Sunday, May 8, 2011

Toni the Tiger




My mom, Toni, and I on the day it all began.

I lost my mom nearly eight years ago -- if it is possible to "lose" someone I think about every day, whose mannerisms and expressions I often glimpse in the mirror and whose words and voice, right down to that faint Point Cadet accent, tumble out of my mouth with amazing regularity.

My mother grew up in the middle of large boisterous family in a small, boisterous working class neighborhood in the middle of the Great Depression. Is it any wonder she turned out to be one tough cookie as they used to say?

She was witty, sassy and fierce. Her imagination was vivid and fertile; she spun the most wonderful stories and adventures for my sister and me out of thin air. She could have been a Hollywood screenwriter.

She loved to cook, and could work miracles in a matter of minutes with even the most spartan ingredients. She could have been an Iron Chef contestant.

She had an unerring eye for color, accessories and silhouettes. She could have been a fashion designer.

She had only to lay her hands on a fretful baby to turn it into a cooing angel. She could have run a nursery school (and she did keep children in her home for many years).

She approached life with that clear-eyed, hard-nosed, unyielding Point Cadet pragmatism that could be a little daunting if you weren't from there. She knew when you were trying to pull something over on her -- and she let you know about it with a look out of the corner of her eye that spoke volumes. She could have been a school principal or an admiral in the Navy.

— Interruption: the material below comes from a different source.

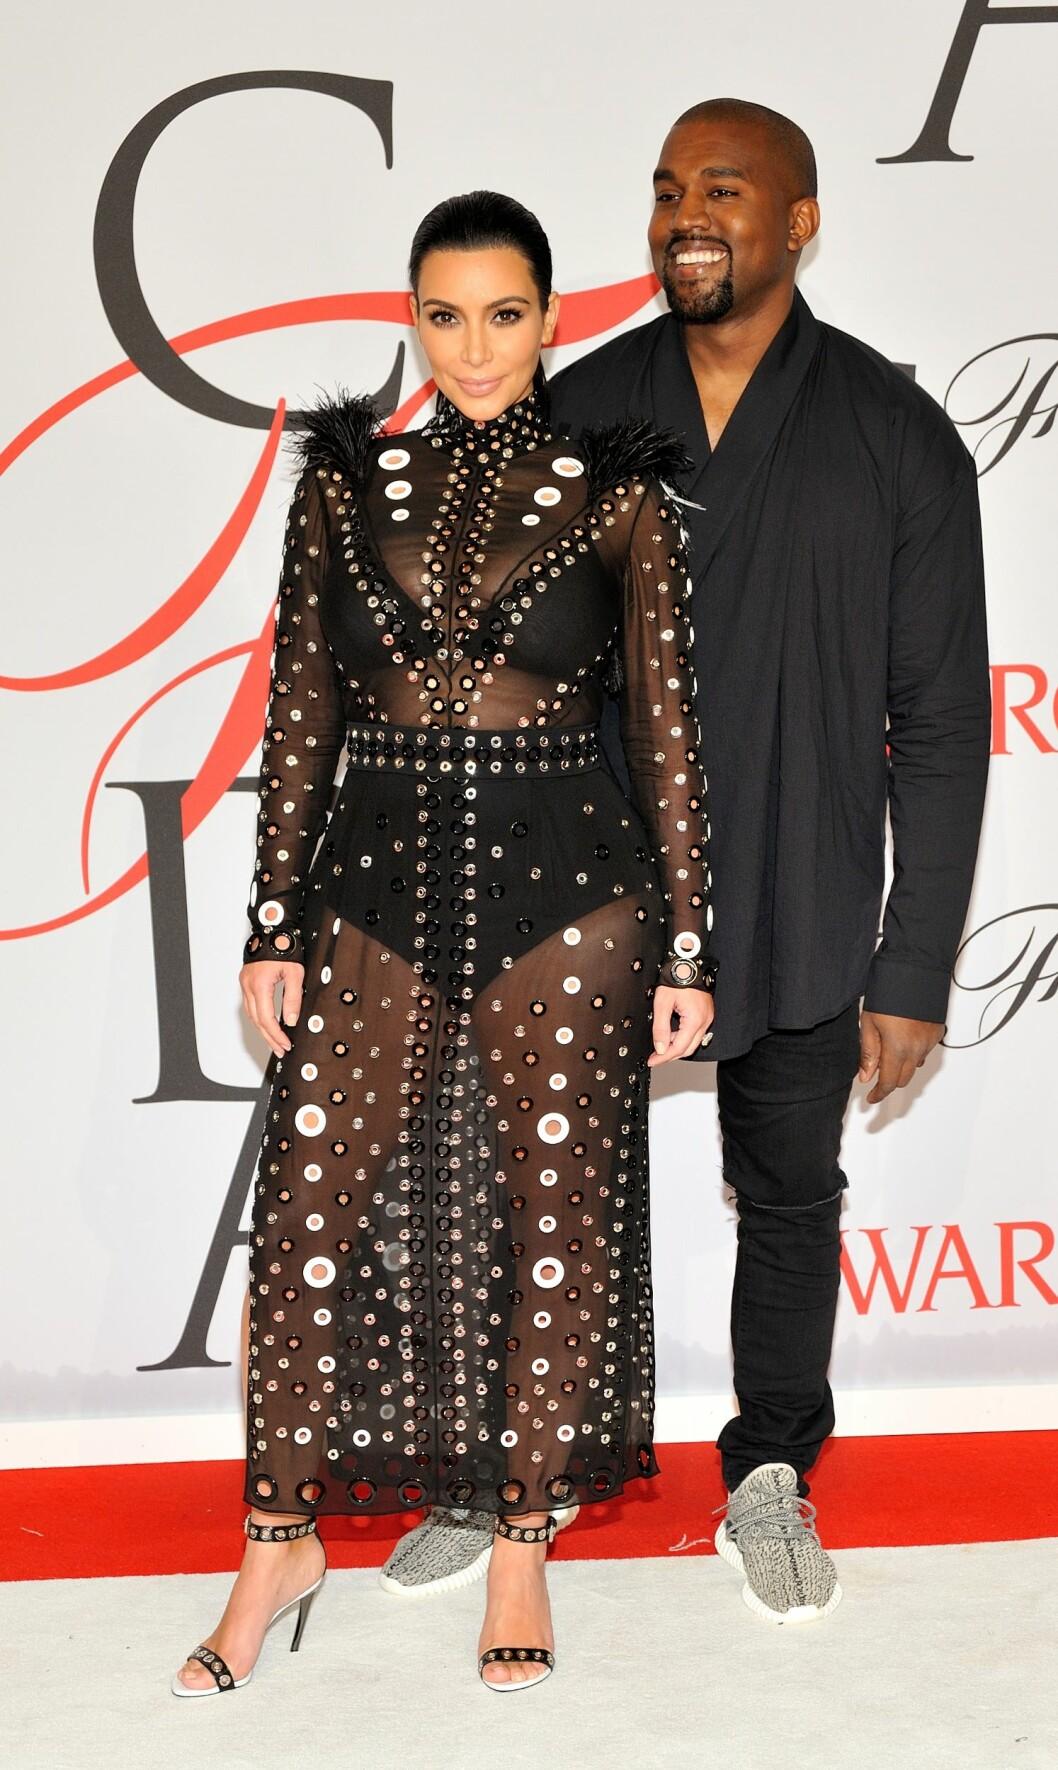 GJENNOMSIKTIG: Under dette svangerskapet har Kim Kardashian hatt dilla på blonder og gjennomsiktige antrekk. Her fra CFDA Fashion Awards i New York 1. juni. Foto: NTB Scanpix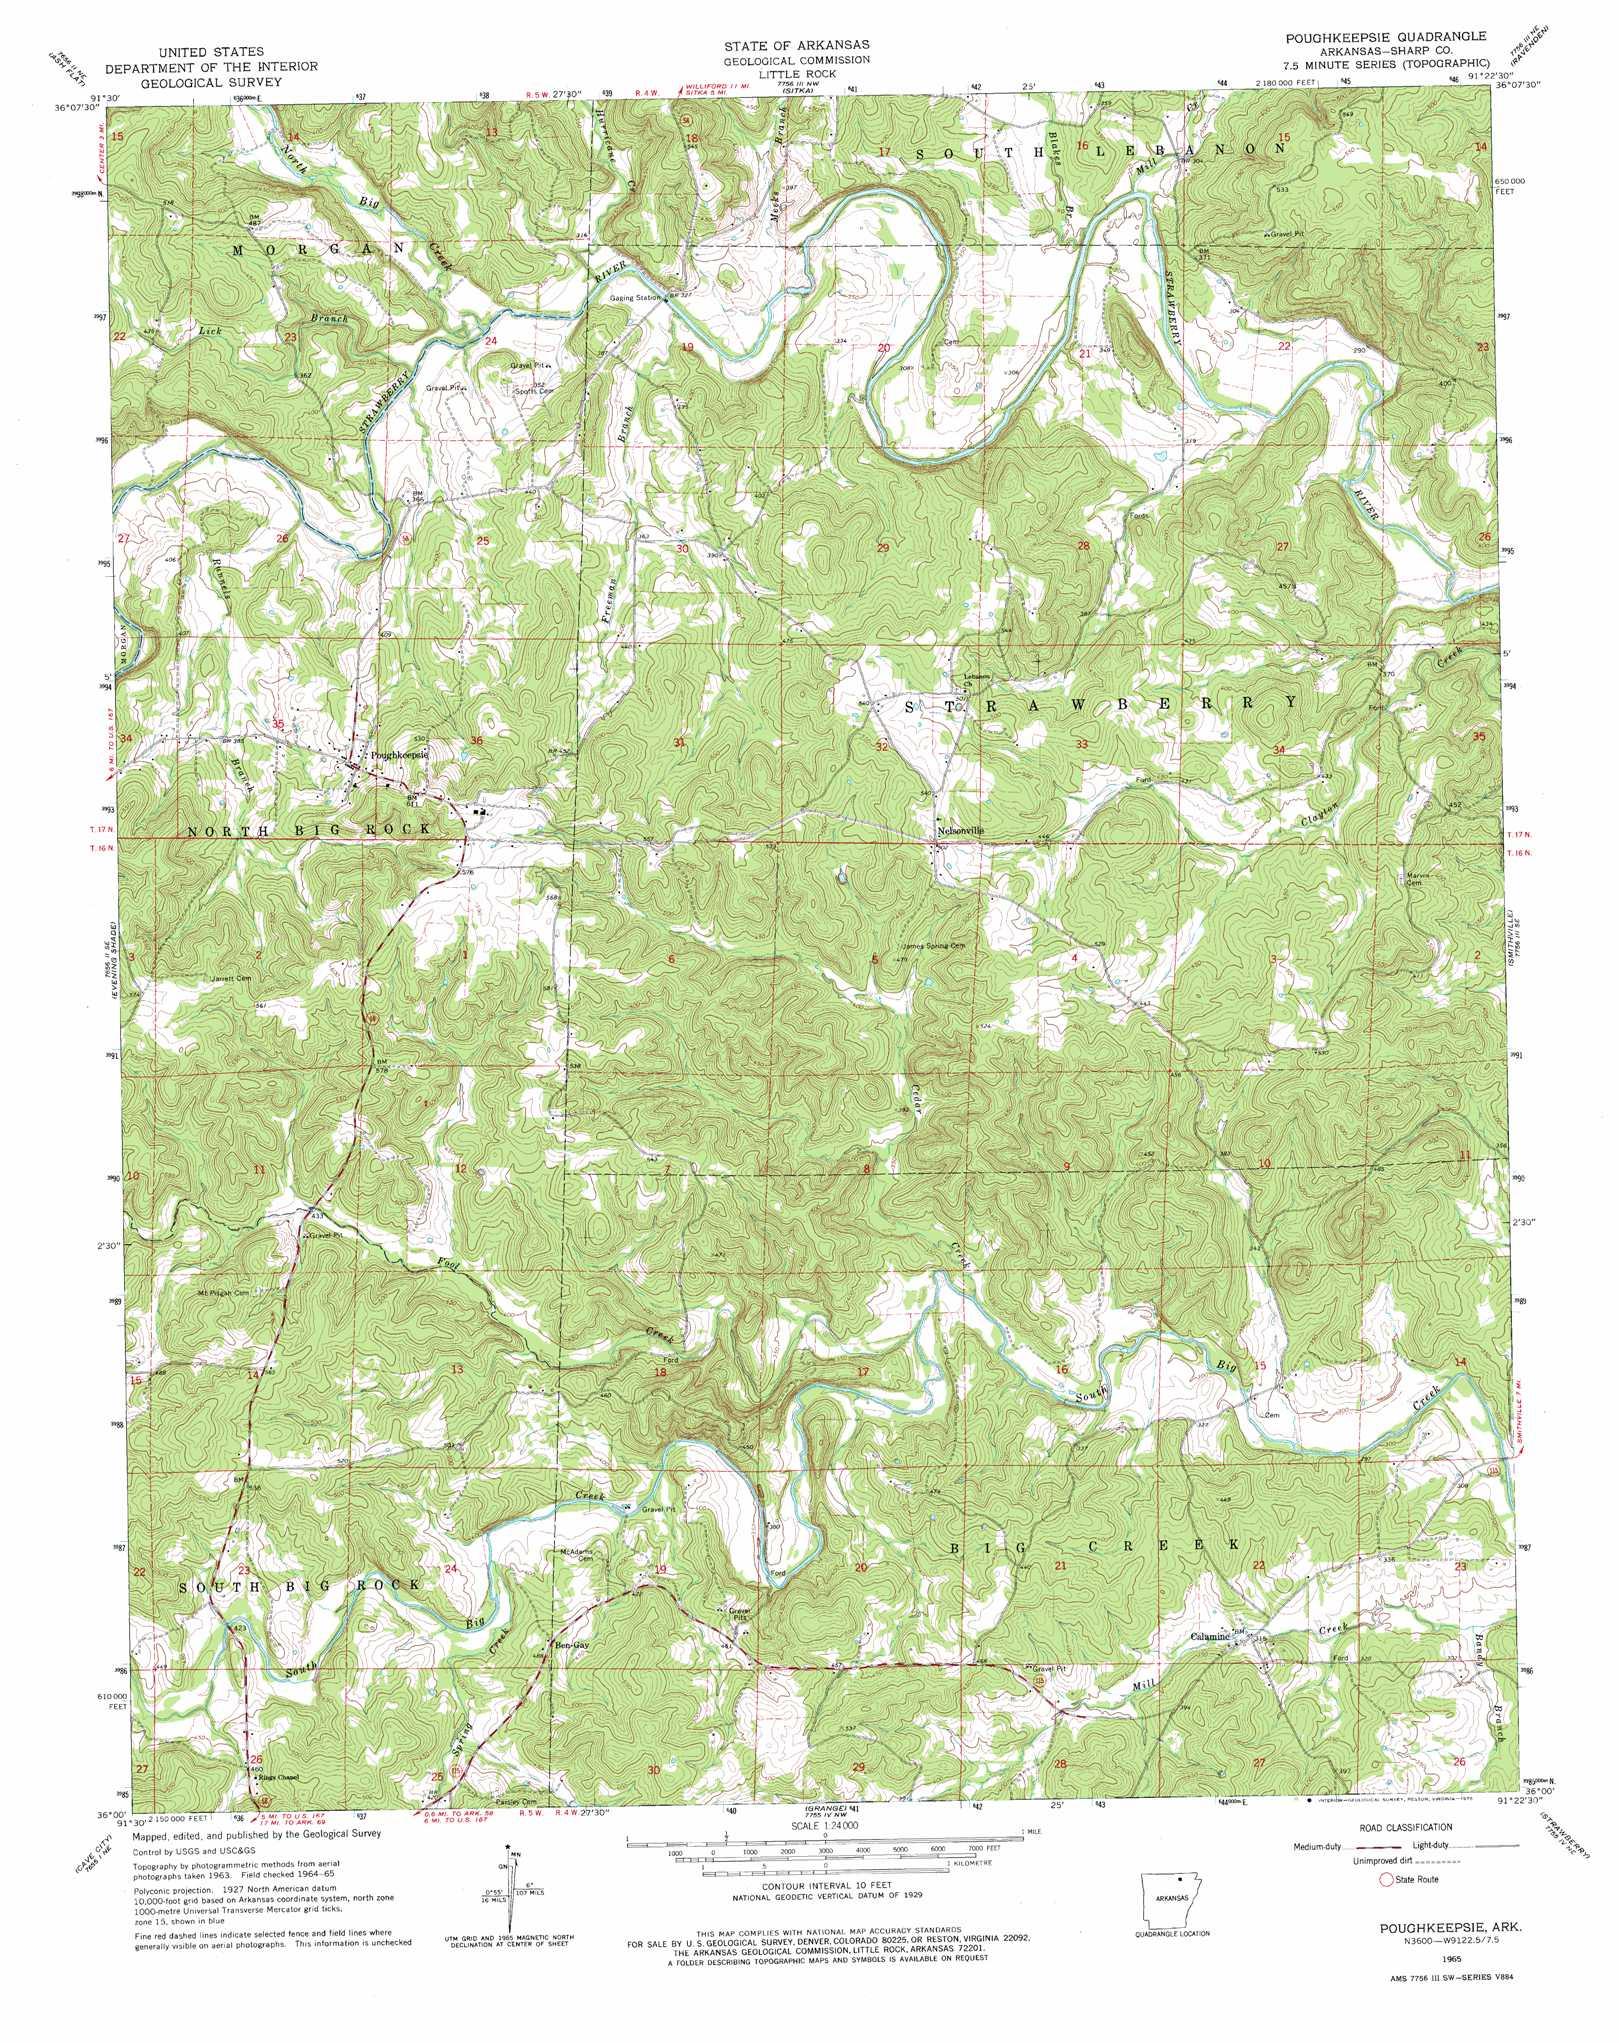 Poughkeepsie topographic map, AR - USGS Topo Quad 36091a4

She instinctively knew what to do when bones broke, noggins knocked and stomachs soured. She could have been a doctor.

She kept a cool level head during emergencies. When barely out of her teens, she single-handedly interrupted and foiled a robbery in progress after hours at the Keesler Air Force Base exchange. She could have been a police officer.

She could have been any number of things. But what she chose to be was a mother. A nurturing mother who turned feverish, sniffley nights into opportunities for midnight picnics.

And a fiercely protective mother who went by the name Toni the Tiger. One night she startled a Peeping Tom hanging around outside our bedroom windows. My sister and I stood watching open-mouthed in shock, horror and admiration as she darted out of the house into the night, barefoot and bare-handed, bellowing "I've got you now, you son of a bitch," in a hoarse unrecognizable voice.

What exactly she had him with was not then, and is not now, apparent. But there was no doubt in her mind, nor his, that she did indeed have him, and if she got her bare hands on him, the consequences would be dire.

Because you just didn't mess with Toni the Tiger.